Rumoh Aceh (Rumah Aceh) adalah sebuah tempat tinggal bagi orang di provinsi ujung barat Indonesia. Rumah ini merupakan rumah panggung dan rata-rata mempunyai 16 tameh (tiang) rata-rata 2,5 – 3 meter. Rumoh Aceh mempunyai tiga ruang, seuramoe keu (serambi depan) dan seumoe likoet (serambi belakang) dan satu rambat (bilik tengah).
Rumoh Aceh juga dipenuhi motif-motif yang menarik disetiap sudut dindingnya. Selain itu, Di dalam Rumoh Aceh Selalu ada beberapa motif hiasan yang dipakai antara lain adalah Motif atau ukiran-ukiran keagamaan yang diambil dari ayat-ayat Al-Quran.
Disamping itu, Rumoh Aceh juga menggunakan motif- motif lainnya seperti motif flora dan fauna seperti tumbuh-tumbuhan baik berbentuk daun, akar, batang, ataupun bunga. Ukiran berbentuk stilirisasi tumbuh-tumbuhan ini kemudian diberi warna, bisasanya warna yang digunakan adalah merah dan hitam. Ragam hias ini biasanya terdapat pada rinyeuen (tangga), tulak angen, kindang, balok pada bagian kap, dan tingkap (jendela rumah). Motif fauna yang biasanya digunakan adalah binatang-binatang yang sering dilihat dan disukai, Motif alam digunakan oleh masyarakat Aceh di antaranya adalah langit dan awannya, langit dan bulan dan bintang dan laut.
Adapun keunikan lain dari Rumoh Aceh adalah penggunaan bahan-bahan dalam pembuatannya. Bahan-bahan yang digubakan hampir 100% menggunakan kayu, bahkan untuk setiap sambungan tiang dengan setiap penyangganya tidak menggunakan bahan logam seperti baut dan paku, melainkan menggunakan bajoe (pasak) yang diraut dari kayu jati atau pohon pinang yang sudah tua. Untuk memperkuatnya pembuat Rumoh Aceh menggunakan serabut ijuk sebagai tali untuk mengikat beberapa bara (balok penghubung setiap tiang).

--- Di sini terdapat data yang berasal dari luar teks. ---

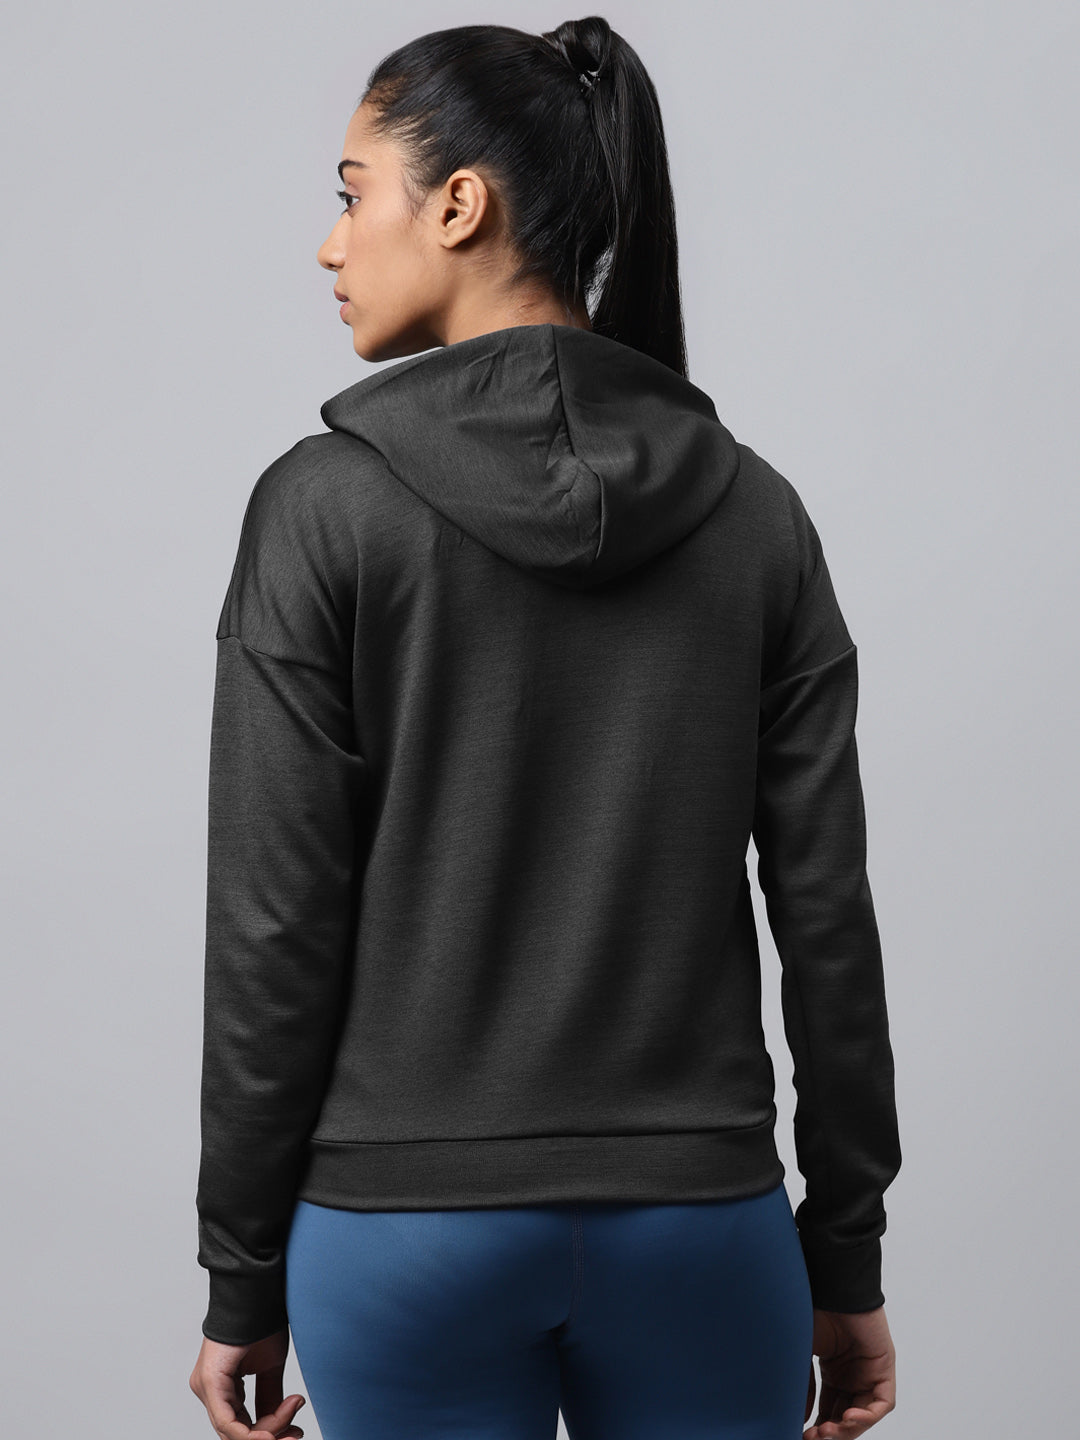 Alcis Women Charcoal Grey Self-Design Hooded Training Jacket

Rumoh aceh mempunyai banyak kelebihan, diantaranya adalah bisa menyimpan barang-barang dibawahnya, seperti jeungki dan kroeng pade. Kelebihan lainnya adalah Rumoh Aceh tidak akan rubuh meskipun terjadi gempa.

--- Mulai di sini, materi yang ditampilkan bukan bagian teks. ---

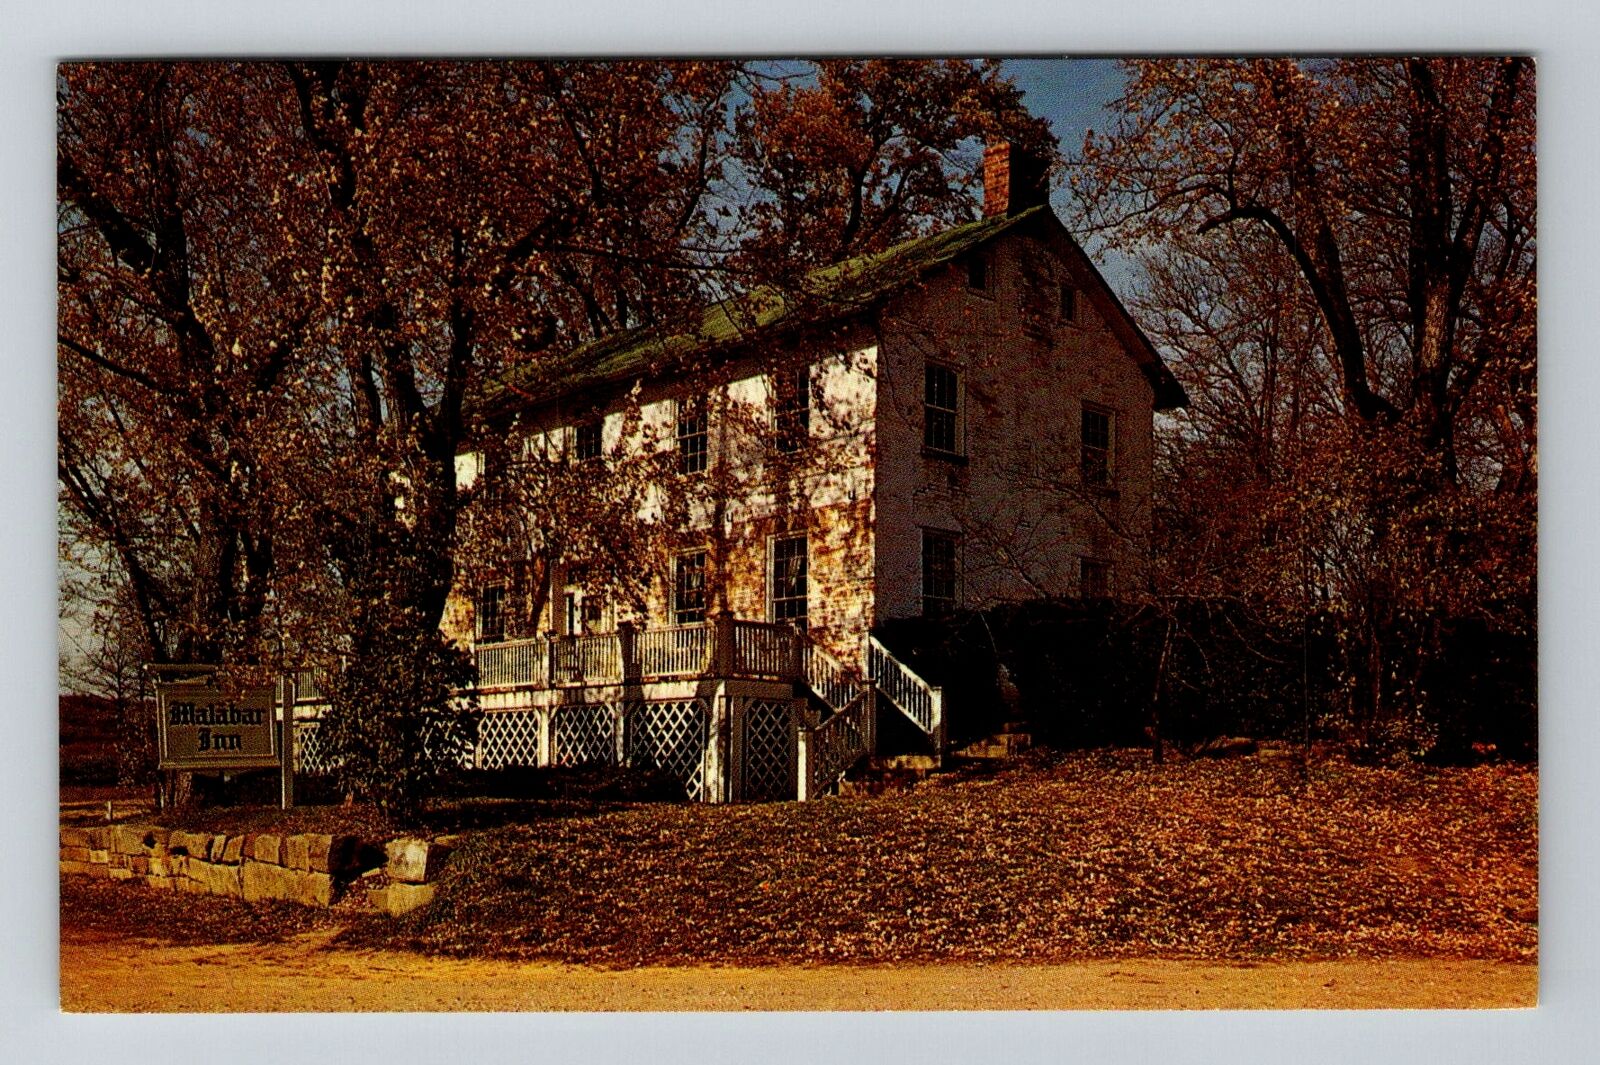 Mansfield OH-Ohio, Malabar Inn on Malabar Farm, Vintage Postcard

Sangat disayangkan, setelah datangnya era Millenium, satu per satu Rumoh Aceh mulai dihilangkan dan digantikan dengan rumah-rumah beton yang brtingkat. Sehingga identitas Aceh sendiri seakan-akan perlahan mulai hilang. Hampir tidak bisa lagi kita jumpai rumoh Aceh saat kita berkunjung kebeberapa tempat, hanya beberapa rumah saja yang masih tersisa di pedesaan.
Sebagai bentuk inisiatif, Pemerintah Indonesia khususnya pemerintah daerah Aceh telah mengabadikan Rumoh Aceh di komplek Kantor Museum Aceh dan Rumah Cut Nyak Dhien yang ada di Desa Lampisang, 10 km dari pusat Kota Banda Aceh, serta di Taman Mini Indonesia Indah (TMII).